The same report notes that the hack may be linked to the hack of similar scope of Anthem earlier this year.

This is, as a lot of the current and former government employees I follow on Twitter are realizing this morning, a devastating hack, one which will have repercussions both in the private lives of those whose data has been hacked as well as generally for America’s national security, because the data in the OPM servers offers a road map for further espionage targeting.

It is also something the US does all the time — and not just against official government employees of adversary nations, but also against civilian or quasi civilian telecom targets, as well as employees of corporations of interest.

This WaPo piece quotes a number of cybersecurity people suggesting several recent major hacks are being used to pull together large data repositories — similar to in purpose but at this point just a mere shadow of what we do using bulk collection and XKeyscore. But it tries to suggest the Chinese collection of bulk data is worse because, “in China, the authorities do not tolerate public debate over the proper limits of large-scale spying in the digital age.”

The US Intelligence Community let us have a debate over a mere fraction of the bulk data being collected by the NSA — that collected domestically to target Americans. But for the stuff targeting foreigners on a far greater scale, President Obama proclaimed we would continue collecting in bulk but limit its use to all the major purposes we were already using it for before we ever got around to debating the Section 215 dragnet.

(1) espionage and other threats and activities directed by foreign powers or their intelligence services against the United States and its interests;

(2) threats to the United States and its interests from terrorism;

(3) threats to the United States and its interests from the development, possession, proliferation, or use of weapons of mass destruction;

(4) cybersecurity threats;

(5) threats to U.S. or allied Armed Forces or other U.S or allied personnel;

(6) transnational criminal threats, including illicit finance and sanctions evasion related to the other purposes named in this section.

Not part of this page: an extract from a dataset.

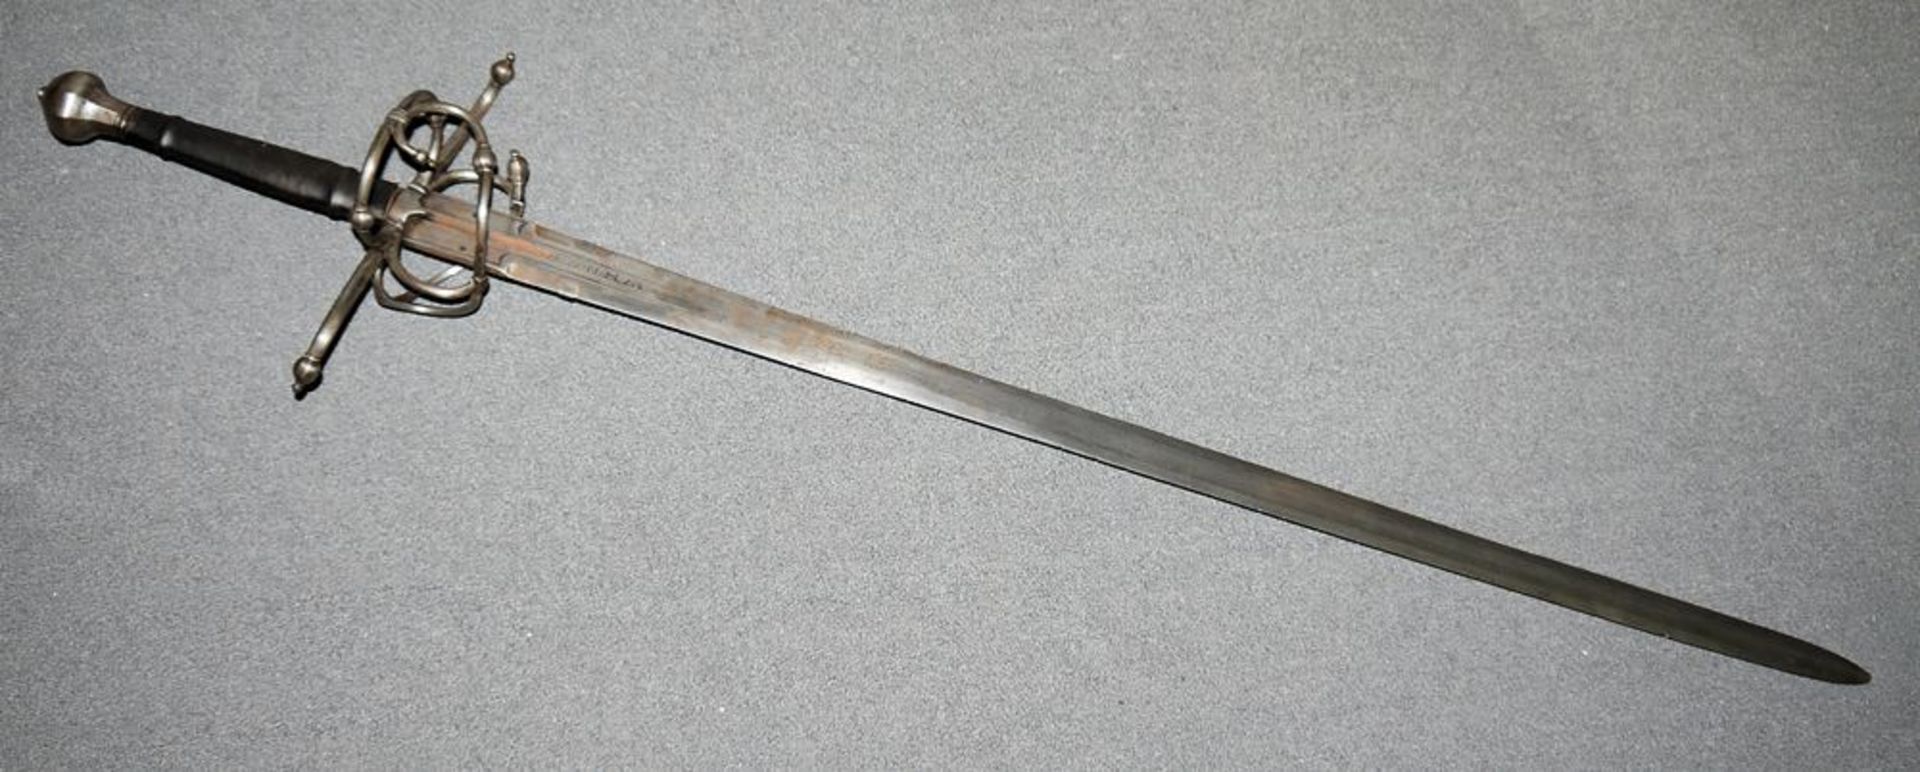 Qualitätvolles Beidhänder-Schwert des Historismus, wohl 18./19. Jh. - Image 2 of 5

That scope goes well beyond the scope of those affected in this OPM hack.

Once the government does whatever it can to protect the millions compromised by this hack, I hope it will provide an opportunity to do two things: focus on actual cyber-defense, rather than an offensive approach that itself entails and therefore legitimates precisely this kind of bulk collection, and reflect on whether the world we’ve built, in which millions of innocent people get swept up in spying because it’s easy to do so, is really one we want to pursue. Ideally, such reflection might lead to some norm-setting that sharply limits the kinds of targets who can be bulk collected (though OPM would solidly fit in any imaginable such limits).

China has, unsurprisingly, now adopted our approach, even if it would take a decade for it to catch up in ability to bulk collect from most nodes. And that’s going to suck for a lot of government and private sector employees who will be made targets as a result.

But that’s the world and the rules we chose to create.

Update: See this NYT piece for just how shoddy the security on OPM’s servers was. We’ve been arguing for years about ways to better respond to criminal hackers and neglecting really really basic steps needed to prevent our adversaries from adopting the same approach we use.